Cooper travelled to Boston, Massachusetts and worked as a research fellow in cancer immunology in 1981—the beginning of the outbreak of HIV/AIDS in the United States. Having seen the symptoms of HIV/AIDS in young gay men in the U.S., Cooper returned to Australia and resumed his role at St Vincent's Hospital, where he recognised the same illness in young Australian men who had recently travelled to the U.S. He is credited together with Professor Ron Penny of diagnosing the first case of HIV in Australia in 1982  and published a seminal case series on HIV seroconversion illness in The Lancet in 1985. He also reported the first observation of HIV transmission during breastfeeding in the world in 1985. He was awarded a Doctor of Medicine by UNSW in 1983 and appointed a senior lecturer at the university in 1986. In the same year he was named director of the newly founded National Centre in HIV Epidemiology and Clinical Research (now the Kirby Institute).

In 1991, he was named chair of the WHO Global Program on AIDS committee on clinical research and drug development, and in 1994, he was appointed a full professor and awarded a Doctor of Science by UNSW. In 1996, he and two other HIV/AIDS researchers, Joep Lange from the Netherlands and Praphan Phanuphak from Thailand, founded a research centre in Bangkok named HIV-NAT (HIV Netherlands Australia Thailand Research Collaboration). Cooper, Lange and Phanuphak also established a program to increase access to antiretroviral drugs to treat HIV in Cambodia.

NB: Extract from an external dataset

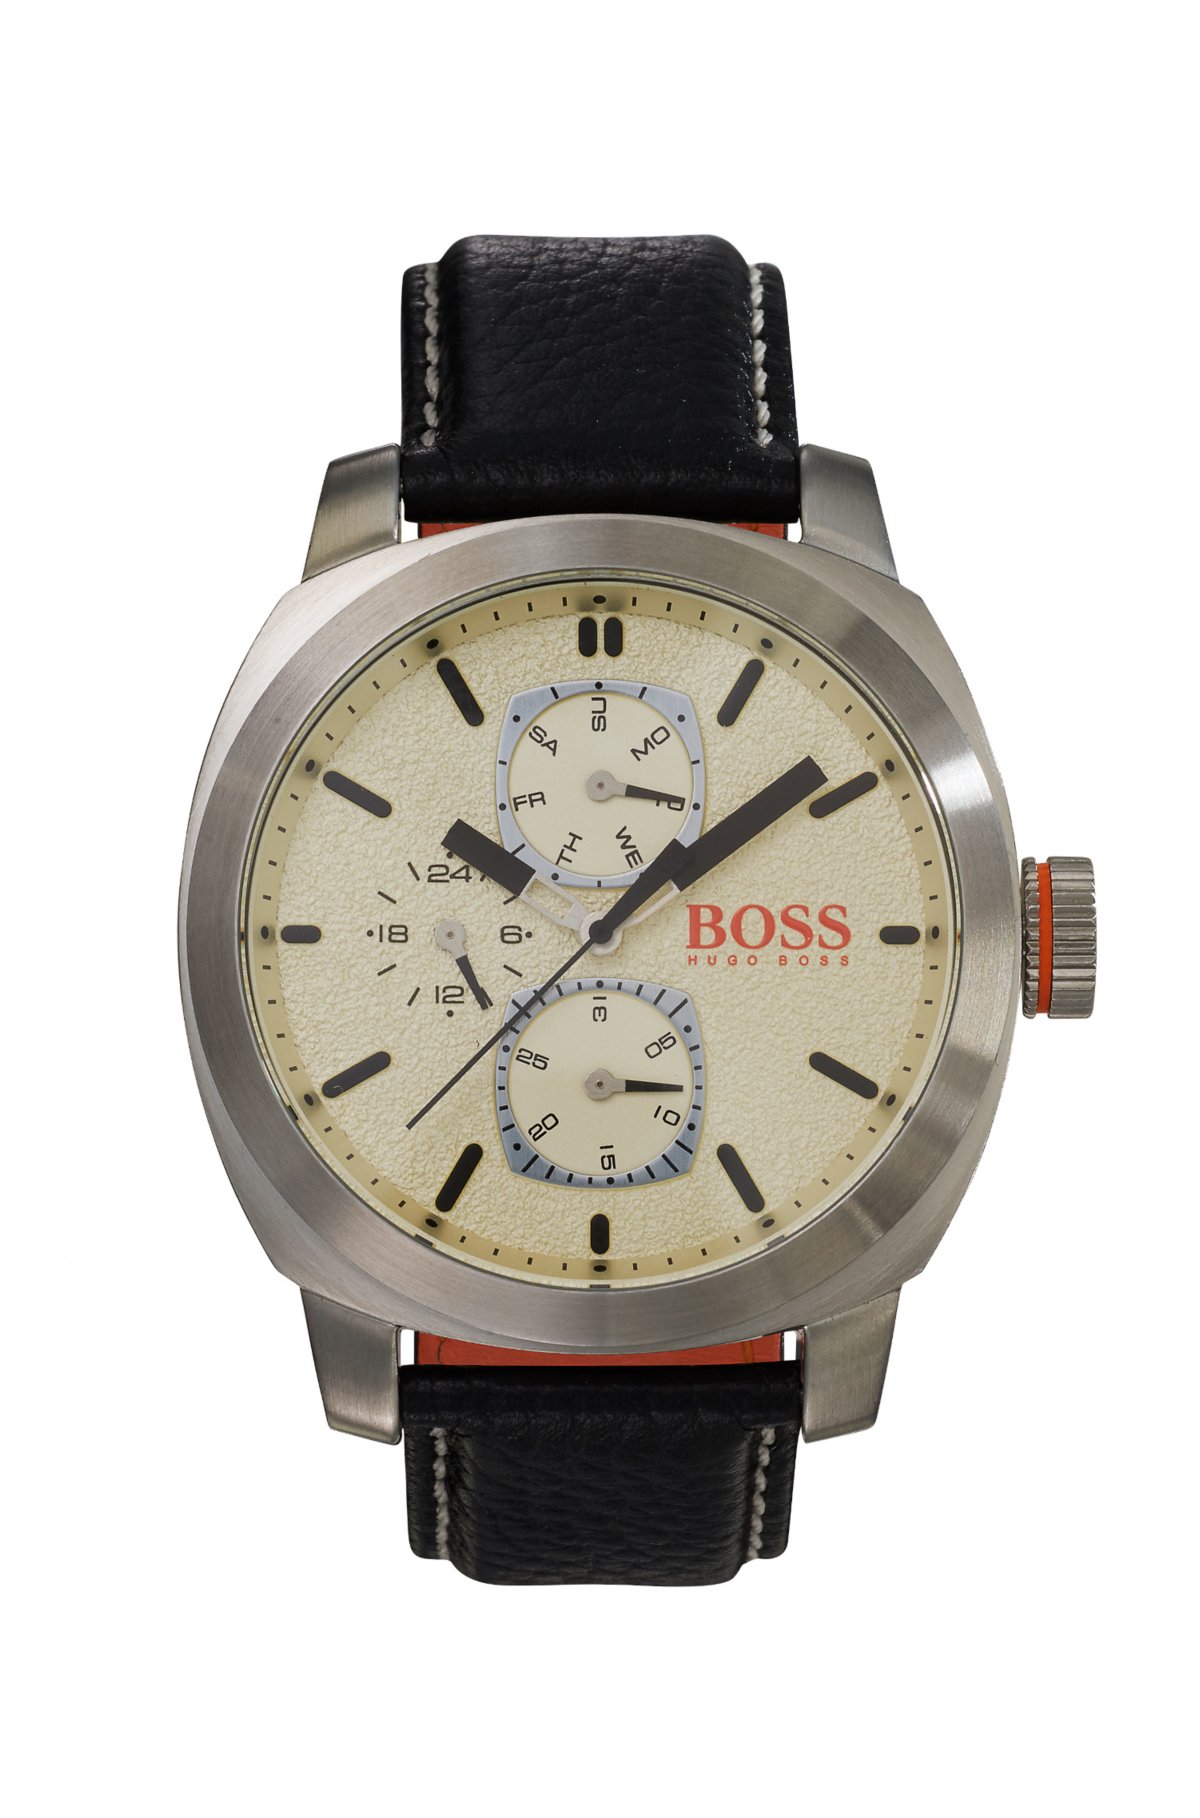 BOSS - Cape Town Casual, Strap 1550026 Leather | Watch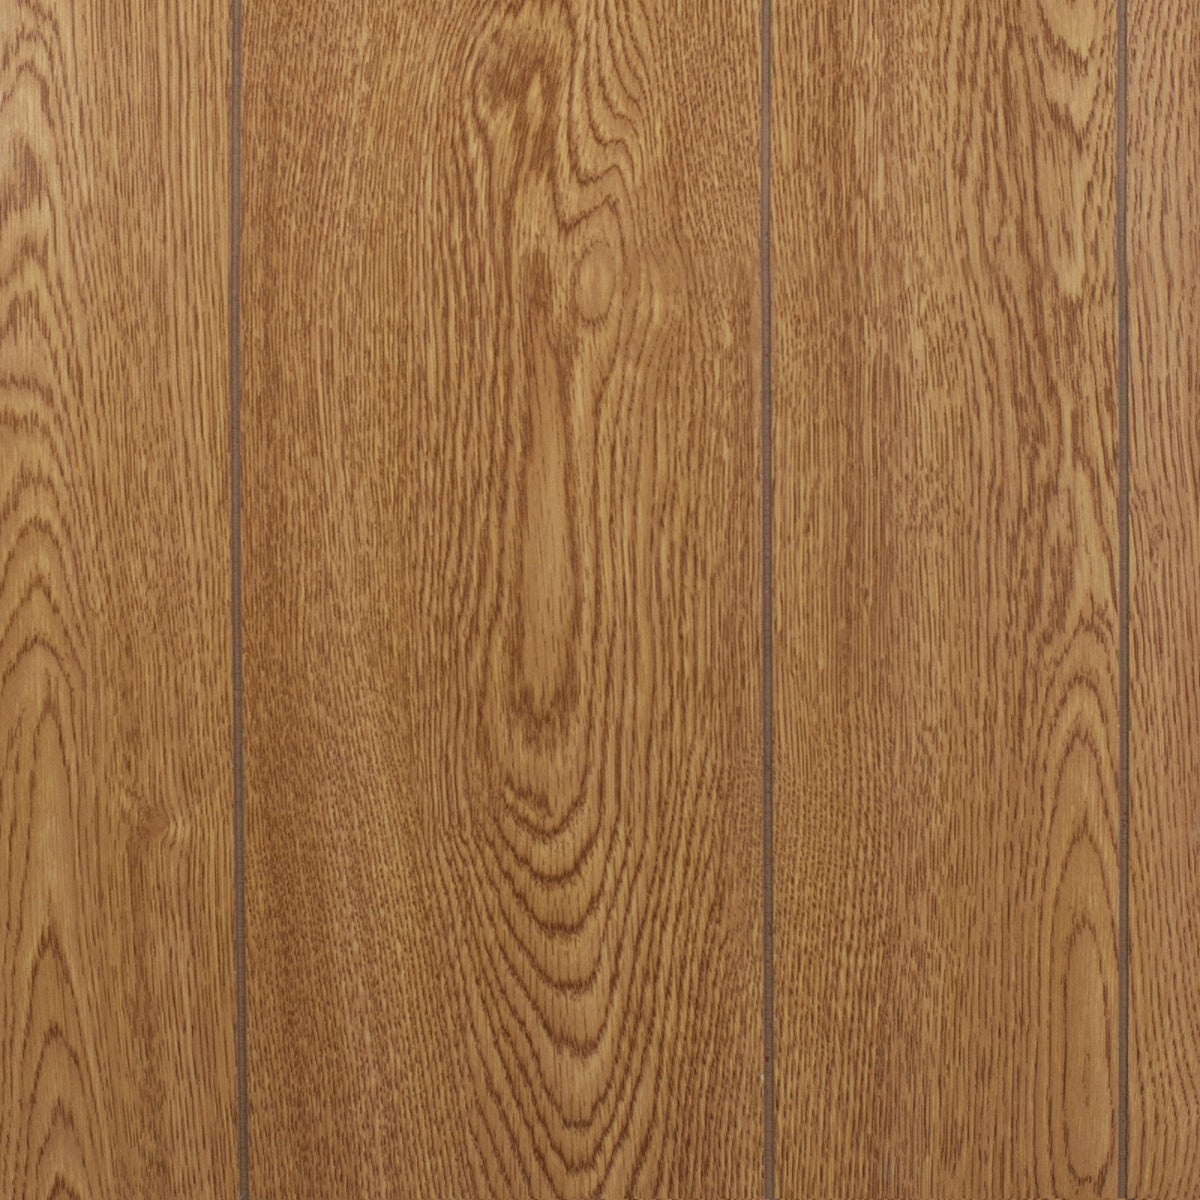 Global Product Sourcing 4 Ft. x 8 Ft. x 1/8 In. Honey Oak Random Groove Profile Wall Paneling

Cooper was director of the Kirby Institute from its establishment in 1986 until his death. He was also a past president of the International AIDS Society.

Personal life

Cooper died at St Vincent's Hospital in Sydney on 18 March 2018 after suffering for a short period from a rare autoimmune inflammatory disease. He was survived by his wife, Dorrie and two daughters, Becky and Ilana.

Honours
Cooper was appointed an Officer of the Order of Australia (AO) in 2003 "for service to medicine as a clinician, researcher and leading contributor in the field of HIV/AIDS research, and to the development of new treatment approaches". He was elected a Fellow of the Australian Academy of Science (FAA) in 2007 and an inaugural Fellow of the Australian Academy of Health and Medical Sciences (FAHMS) in 2015. In 2016, he was awarded the James Cook Medal by the Royal Society of New South Wales.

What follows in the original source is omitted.